NEW YORK (Reuters) - A New York company that was the first drug distributor to face U.S. felony charges for its role in fueling the opioid crisis said on Tuesday it will stop distributing controlled pharmaceuticals, which include opioids.
Rochester Drug Co-Operative Inc (RDC) announced the decision after agreeing last April to settle the charges by paying a $20 million fine and accepting independent monitoring, under a five-year deferred prosecution agreement.
RDC, one of the 10 largest U.S. drug distributors, said controlled pharmaceuticals represent a relatively small percentage of its sales but “significant legal and compliance expenses,” and that those costs are “simply not sustainable.”
The Rochester, New York-based company will keep distributing non-controlled, generic and private label drugs, as well as healthcare supplies.
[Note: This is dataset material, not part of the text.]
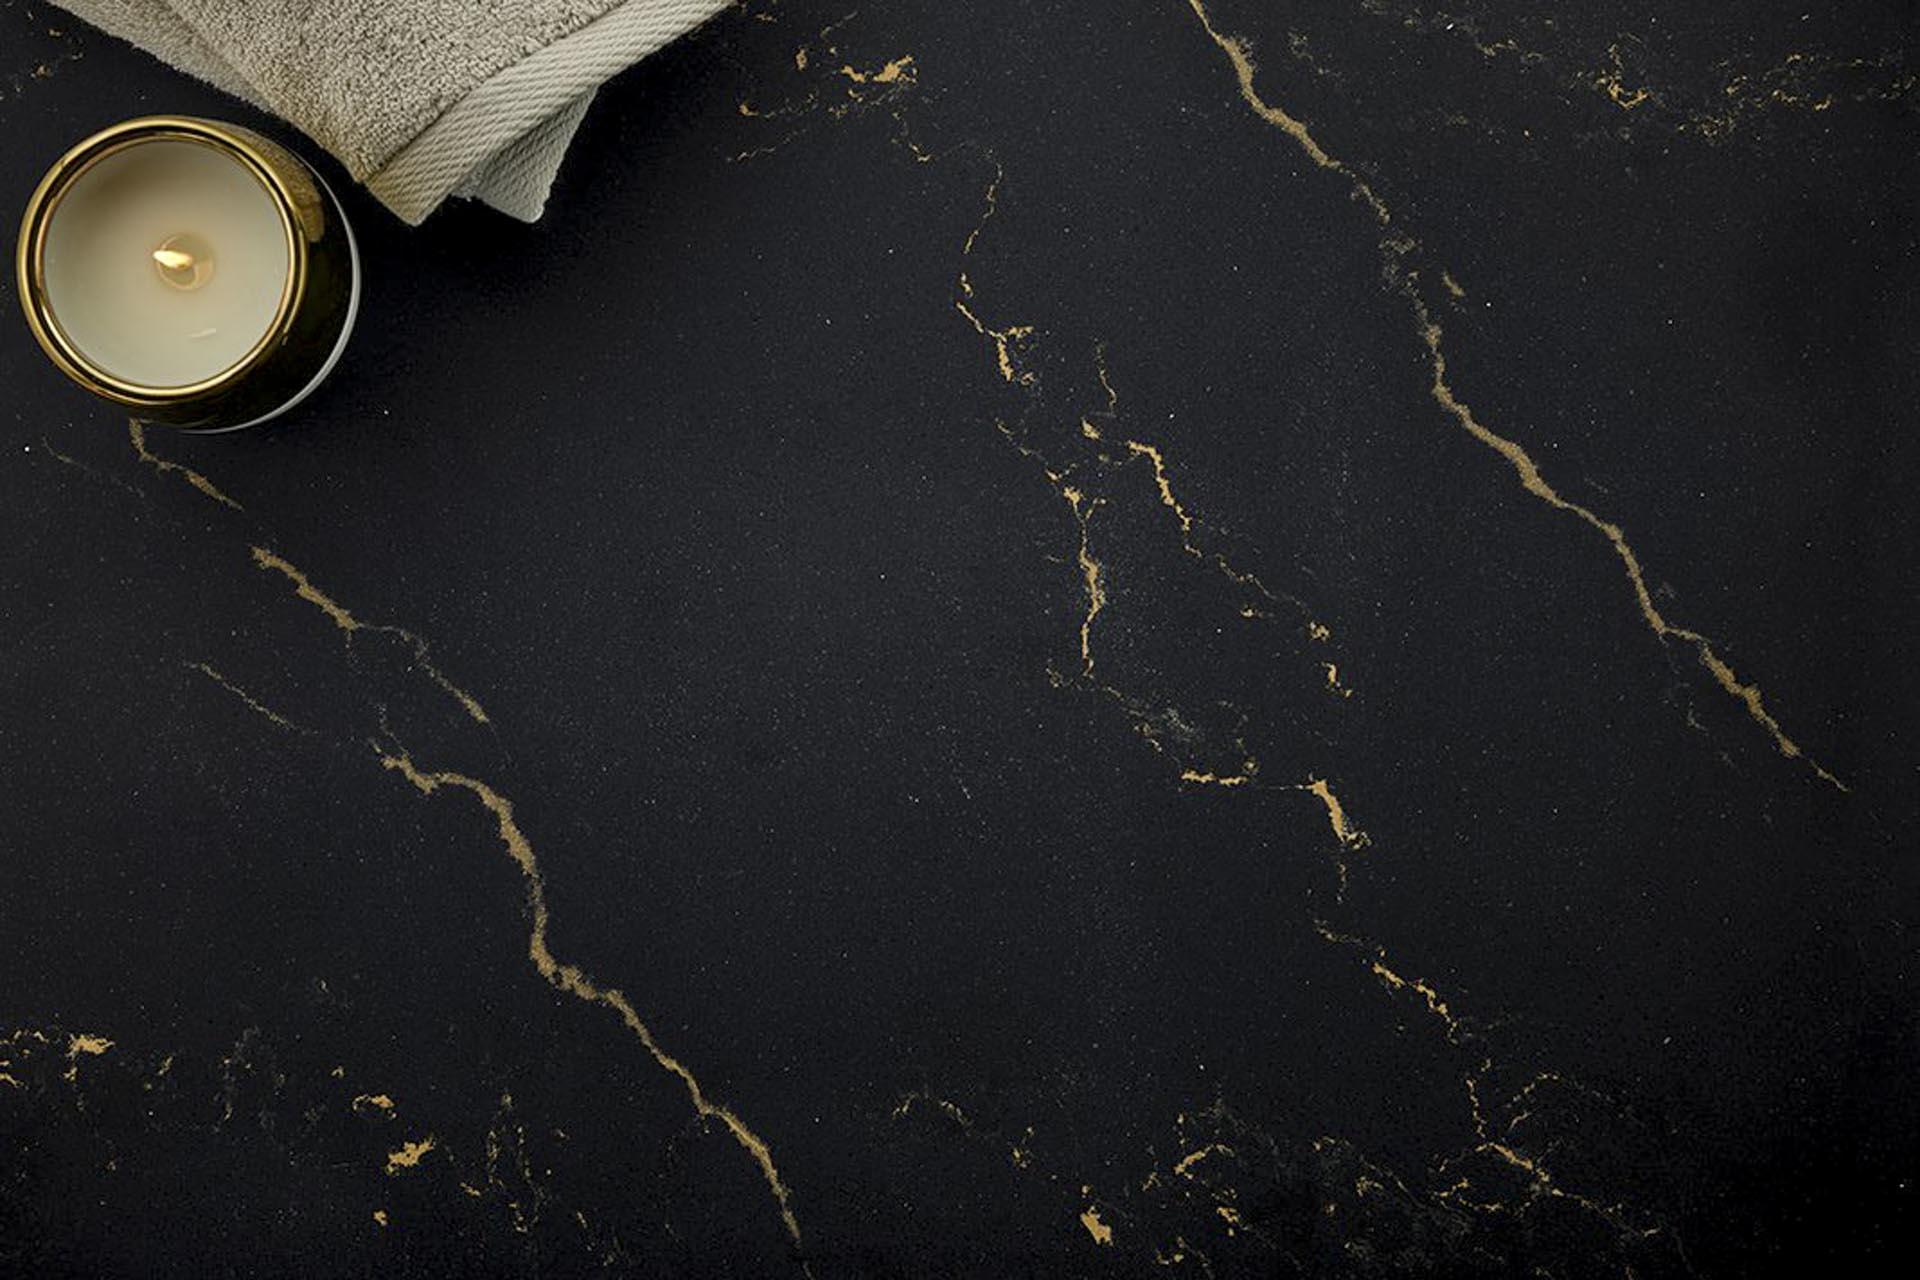 Cambria woodcroft black and gold quartz

It said it serves 1,300 retail pharmacies, long-term care pharmacies and home healthcare stores.
In settling with the government, RDC admitted to having distributed oxycodone, fentanyl and other controlled substances to pharmacies despite internal “red flags” that they would be used improperly.
Opioids have contributed to more than 400,000 deaths since 1997, according to the U.S. Centers for Disease Control and Prevention.
Federal prosecutors have opened a criminal probe of whether several drug companies intentionally allowed large quantities of opioids to be shipped, contributing to the nationwide crisis.
At least two distributors, AmerisourceBergen Corp and McKesson Corp, have said in regulatory filings that they have been in communications with prosecutors’ offices.
RDC’s former chief executive, Laurence Doud, pleaded not guilty last April to criminal charges of conspiring to both distribute illegal drugs and defraud the government.
Jeff Eller, an RDC spokesman, said it is premature to discuss implementation of the deferred prosecution agreement.